## Problem
Here is the task for the listing below: output exactly the lines from the one containing "Wonderful Wallpaper Harry" through the one containing "Al Muntahaa Shumarah", and leave out the pictures.

## Data supplied
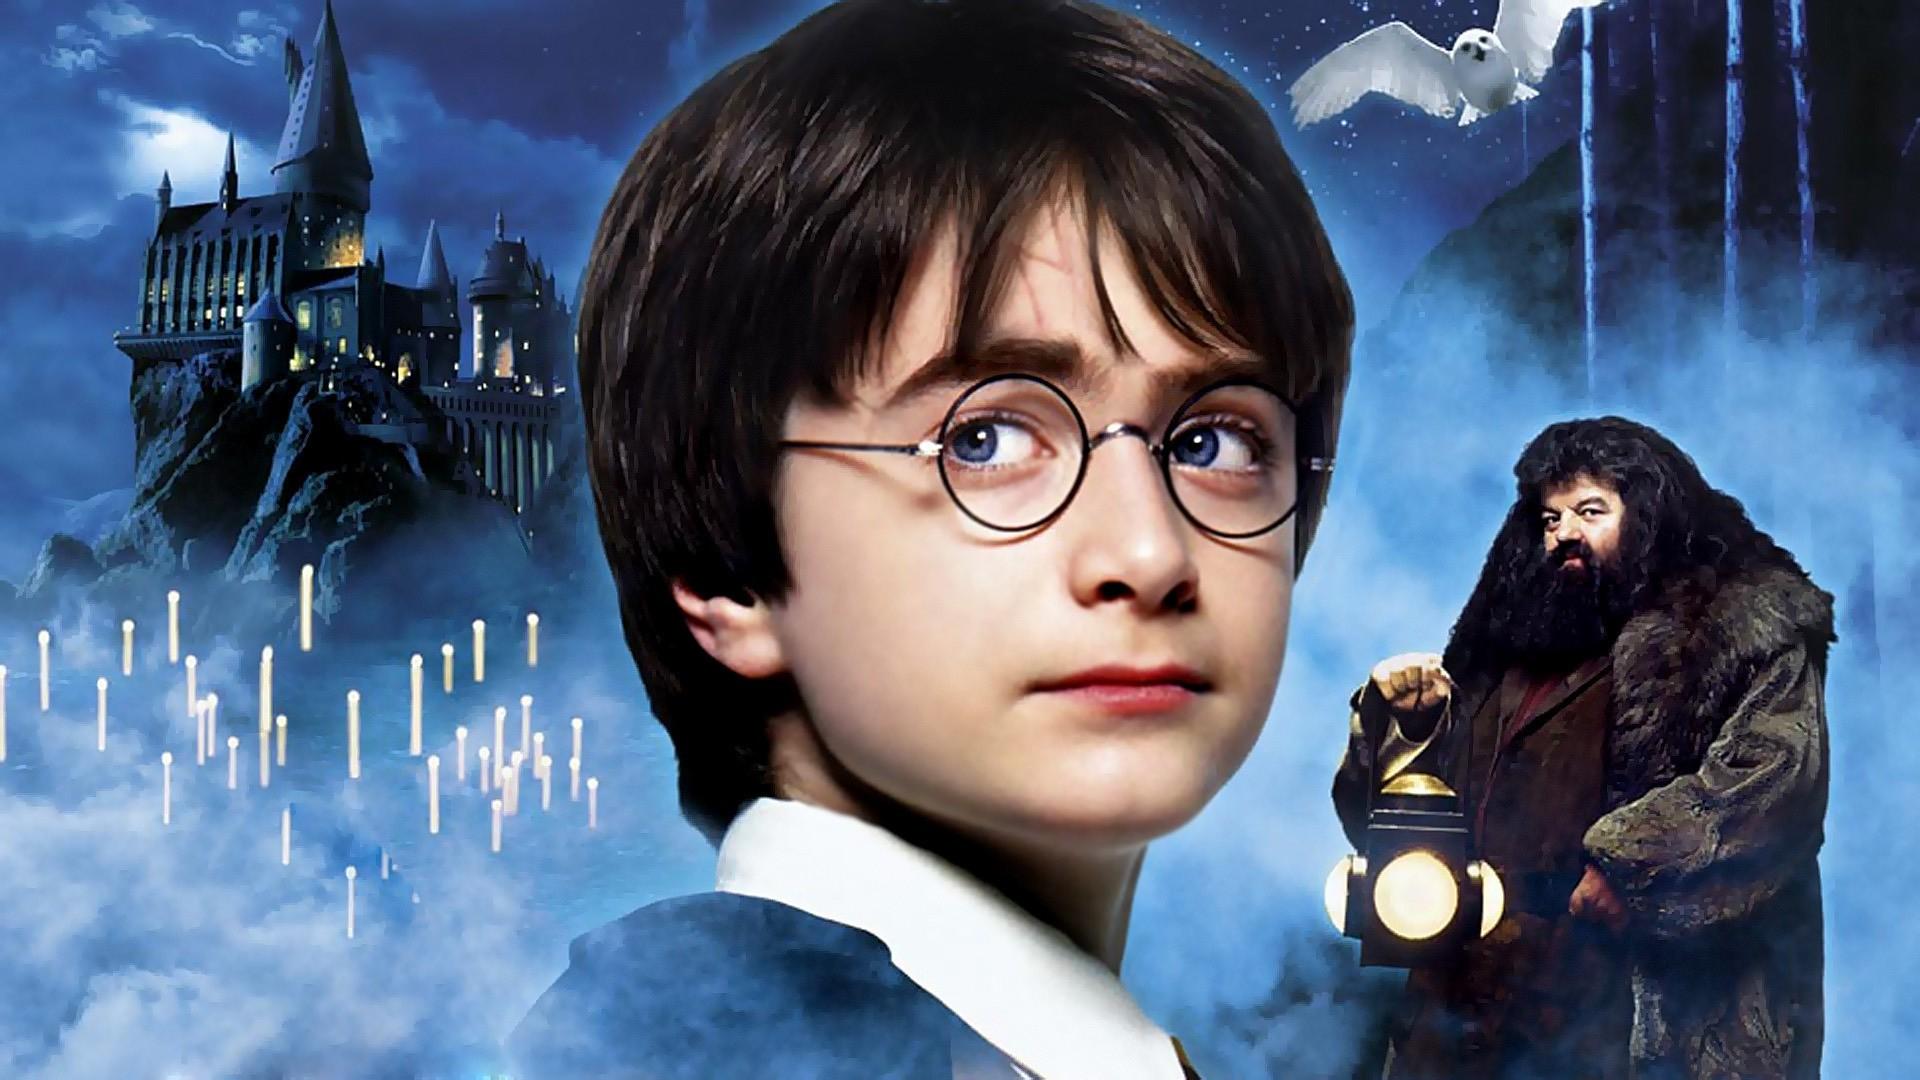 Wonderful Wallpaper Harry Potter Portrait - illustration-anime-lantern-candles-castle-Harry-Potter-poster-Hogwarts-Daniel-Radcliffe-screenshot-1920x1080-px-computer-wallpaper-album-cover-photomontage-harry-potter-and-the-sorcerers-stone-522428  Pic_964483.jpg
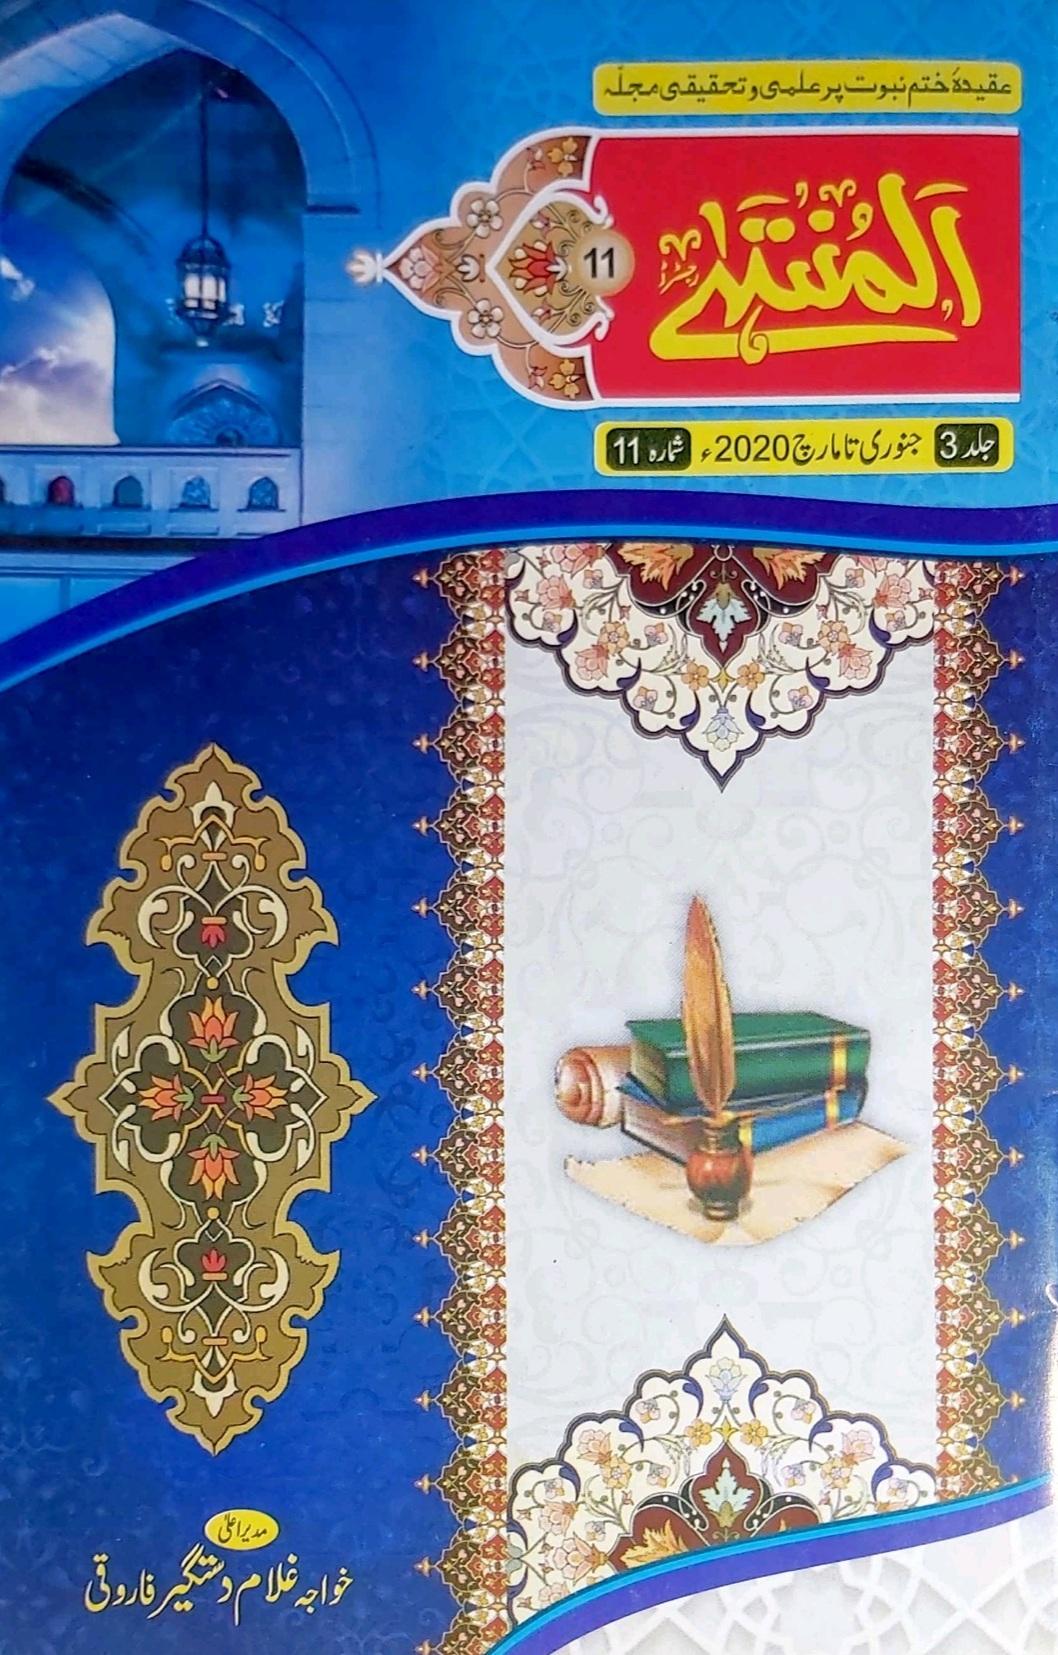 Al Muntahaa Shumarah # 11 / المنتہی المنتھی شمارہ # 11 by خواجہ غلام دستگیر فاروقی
--
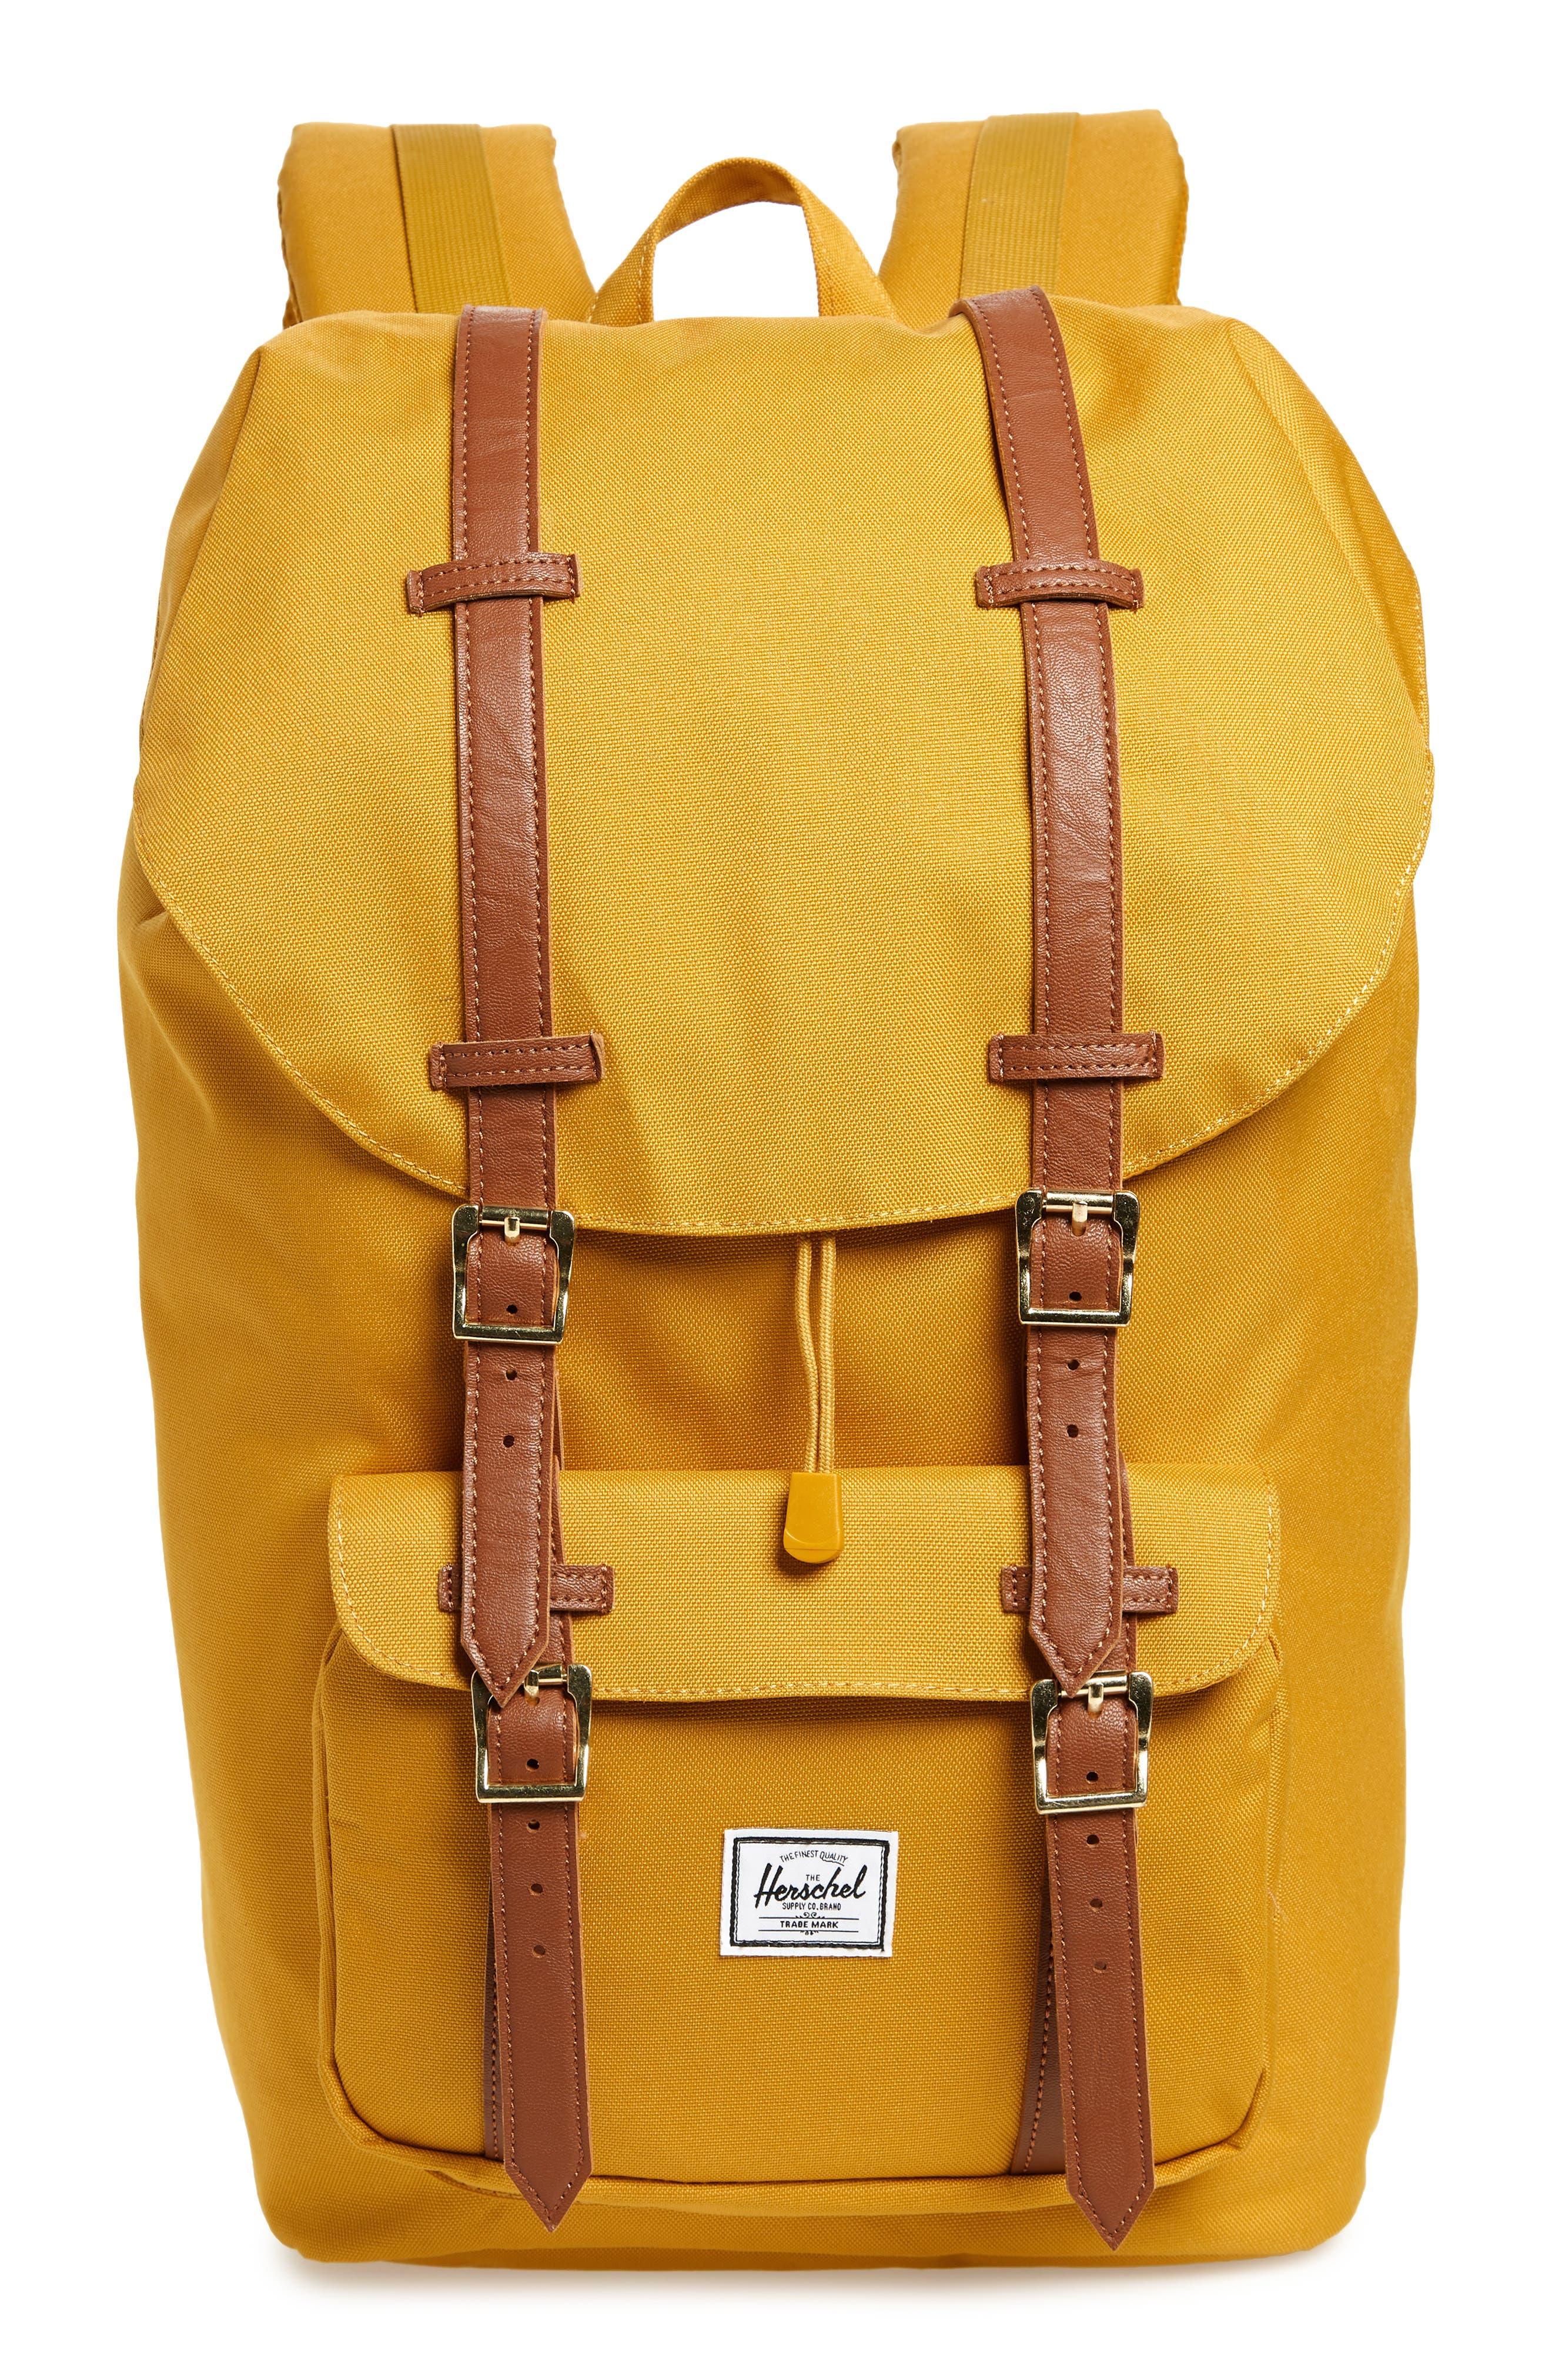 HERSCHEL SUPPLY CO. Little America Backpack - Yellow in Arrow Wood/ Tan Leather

## Problem solution
 Wonderful Wallpaper Harry Potter Portrait - illustration-anime-lantern-candles-castle-Harry-Potter-poster-Hogwarts-Daniel-Radcliffe-screenshot-1920x1080-px-computer-wallpaper-album-cover-photomontage-harry-potter-and-the-sorcerers-stone-522428  Pic_964483.jpg
 Al Muntahaa Shumarah # 11 / المنتہی المنتھی شمارہ # 11 by خواجہ غلام دستگیر فاروقی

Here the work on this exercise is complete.